И оба быстрым шагом направились к назначенному месту. Придя в трактир, они велели подать бутылку вина и два стакана.
От старика Памфила они узнали, что минут десять тому назад Дантес прошел мимо трактира.
Удостоверившись, что Дантес в Каталанах, они сели под молодой листвой платанов и сикомор, в ветвях которых веселая стая птиц воспевала один из первых ясных дней весны.
III
В ста шагах от того места, где оба друга, насторожив уши и поглядывая на дорогу, прихлебывали искрометное мальгское вино, за лысым пригорком, обглоданным солнцем и мистралями, лежало селение Каталаны.

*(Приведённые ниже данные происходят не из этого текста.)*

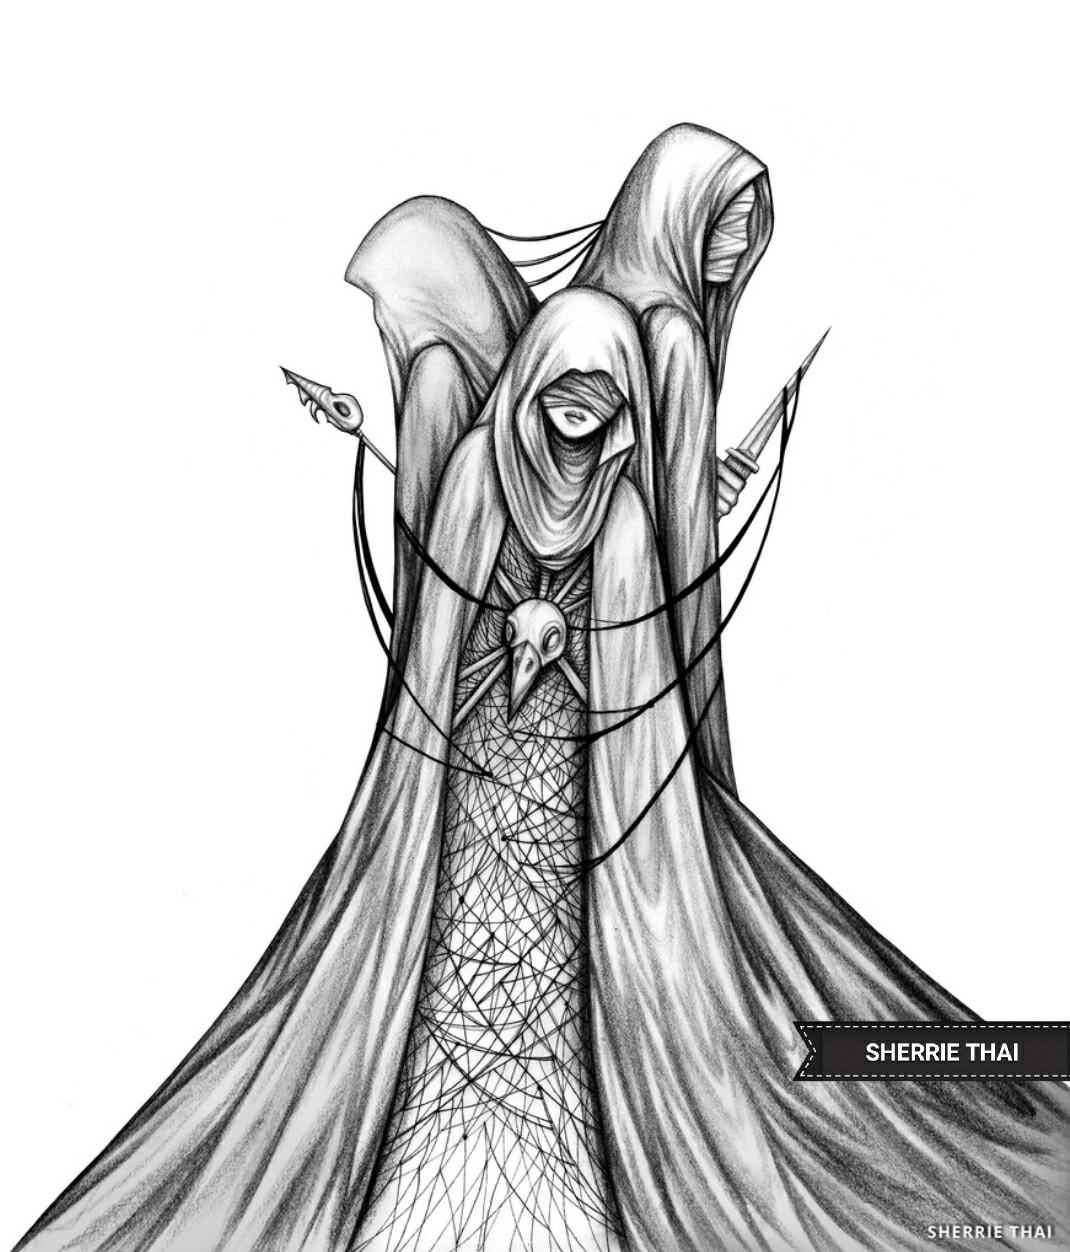 1070x1252 The Fates, Dark Fantasy Sketch Illustration Drawing. Black

Однажды из Испании выехали какие-то таинственные переселенцы и пристали к тому клочку земли, на котором они живут и поныне. Они явились неведомо откуда и говорили на незнакомом языке. Один из начальников, понимавший провансальский язык, попросил у города Марселя позволения завладеть пустынным мысом, на который они, по примеру древних мореходов, вытащили свои суда. Просьбу уважили, и три месяца спустя вокруг десятка судов, привезших этих морских цыган, выросло небольшое селение. В этом своеобразном и живописном селении, полумавританском, полуиспанском, и поныне живут потомки этих людей, говорящие на языке своих дедов. В продолжение трех или четырех веков они остались верны своему мысу, на который опустились, как стая морских птиц; они нимало не смешались с марсельскими жителями, женятся только между собой и сохраняют нравы и одежду своей родины так же, как сохранили ее язык.
Мы приглашаем читателя последовать за нами по единственной улице селения и зайти в один из домиков; солнце снаружи окрасило его стены в цвет опавших листьев, одинаковый для всех старинных построек этого края, а внутри кисть маляра сообщила им белизну, составляющую единственное украшение испанских posadas.[2]
Красивая молодая девушка, с черными, как смоль, волосами, с бархатными, как у газели, глазами, стояла, прислонившись к перегородке, и в тонких, словно выточенных античным ваятелем пальцах мяла ни в чем не повинную ветку вереска; оборванные цветы и листья уже усеяли пол; руки ее, обнаженные до локтя, покрытые загаром, но словно скопированные с рук Венеры Арльской, дрожали от волнения, а легкой ножкой с высоким подъемом она нетерпеливо постукивала по полу, так что можно было видеть ее стройные, изящные икры, обтянутые красным чулком с серыми и синими стрелками. В трех шагах от нее, покачиваясь на стуле и опершись локтем на старый комод, статный молодец лет двадцати — двадцати двух смотрел на нее с беспокойством и досадой; в его глазах был вопрос, но твердый и упорный взгляд девушки укрощал собеседника.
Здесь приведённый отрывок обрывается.